500 Квирк Мэтью
— Вот так, Майк, — улыбнулся Генри.
Из бачка справа я вытянул толстый пластиковый мусорный пакет. Озадаченно взглянув на него, Дэвис пошел на новую уловку:
— Ты не можешь меня так хладнокровно убить, Майк. Ведь ты тогда станешь не лучше меня. Таким же безнравственным. И таким же убийцей. В итоге все равно вольешься в мою команду. Ты не можешь победить. Лучше помоги-ка мне подняться, и мы вместе будем править Вашингтоном.
Генри был, по сути, прав. Я припомнил тот захлестнувший меня поток ярости, когда я стукнул каблуком полицейского, когда мне впервые пришла мысль, что Энни меня предала, или когда я наблюдал, как кровь Лэнгфорда циркулирует по аппарату диализа. Я и теперь хотел поддаться чувству, позволить своей ненависти хлынуть неконтролирумой волной, разрушая все на своем пути. И, господи, как же мне было бы тогда хорошо!
Но теперь я точно знал, что отец говорил правду: он не был убийцей. Никакого насилия. Может, мы и воры — но точно не убийцы.
Генри заметил мои колебания, и в его глазах мелькнуло облегчение.
Я накинул ему на голову мусорный пакет, ударил кулаком в живот, усадив тем самым на пол, оседлал Дэвиса и здоровой рукой затянул пакет покрепче. Пока Генри жив и может дергать чьи-то струны, этот порочный мир предательства и коррупции будет существовать и я никогда от него не освобожусь.
Дэвис забился, пытаясь содрать пакет, потом вцепился в меня, забрыкался на плитках пола, распихивая ногами мертвые тела. Целых три минуты он корчился и стонал под толстым полиэтиленом. Вся эта процедура оказалась куда отвратительнее и тягостнее, чем я ожидал.
Я наверняка мог найти у лежавших тут бойцов какое-нибудь оружие с несколькими патронами — к тому же еще много трупов валялось во внешних коридорах. Но мне необходимы были глаза Генри. Я еще долго держал Дэвиса, после того как его ноги в последний раз вяло дрыгнулись на полу.
— Майк! — послышался голос совсем рядом с кабинетом.
Я быстро высунулся из-за угла — там стояла Энни.
Я стянул с головы Генри пакет и покидал в него оружие. Затем перевернул Маркуса, обшарил его липкую от крови одежду и наконец обнаружил то, что искал: бумаги, что он забрал у меня при обыске, — чертежи дома, который отец мечтал построить для нашей семьи, но так и не сумел.

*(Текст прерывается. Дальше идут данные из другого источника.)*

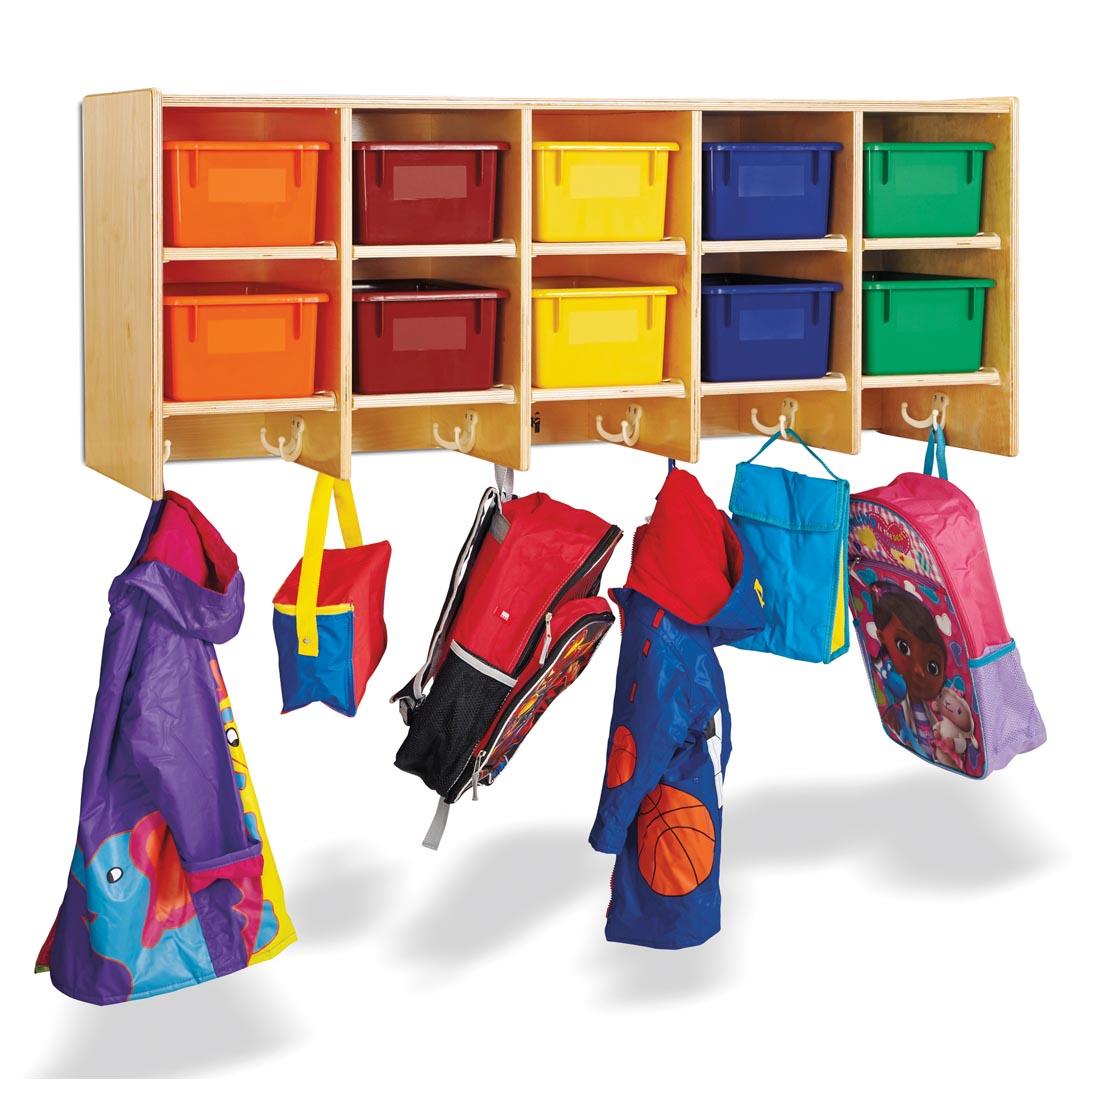 lunch boxes, backpacks and raincoats hanging from the Wall Mounted Coat Locker With Colored Trays

Я взял Генри за правую руку и поволок его по полу к двери в заветное хранилище.
Энни заглянула в проем за фальшивой панелью.
— С тобой все нормально? — спросил я.
Она кивнула, широко распахнутыми глазами глядя на валяющиеся в коридоре трупы.
— Вот и хорошо. Я сейчас.
Она отпрянула обратно в кабинет.
Я оглядел дверь в хранилище. Там стоял биометрический замок со сканированием отпечатка пальца и сетчатки глаза. Модная хреновина! Я поднял безвольную руку Дэвиса и прижал к экранчику. Красный огонек сменился на зеленый. Тогда, точно в кошмарном сне, я подлез Генри под мышку вывихнутым плечом со сломанной рукой и, помогая себе коленом и здоровой рукой, сумел-таки поднять его обмякшее тело. Глаза его были широко открыты и пялились в никуда, вызывая мороз по коже. Я чуть подтолкнул локтем его голову, и глаз Генри оказался аккурат возле сканера сетчатки. С глухим механическим шумом задвижки на двери отползли в сторону.
Я сбросил с себя тело Генри и открыл дверь в хранилище. На полках лежали скрупулезно подписанные папки, видеозаписи, аудиокассеты. Все тайны, что Дэвис собрал, отстраивая свою империю власти, десятки лет шантажа и вымогательства — вот они, только руку протяни.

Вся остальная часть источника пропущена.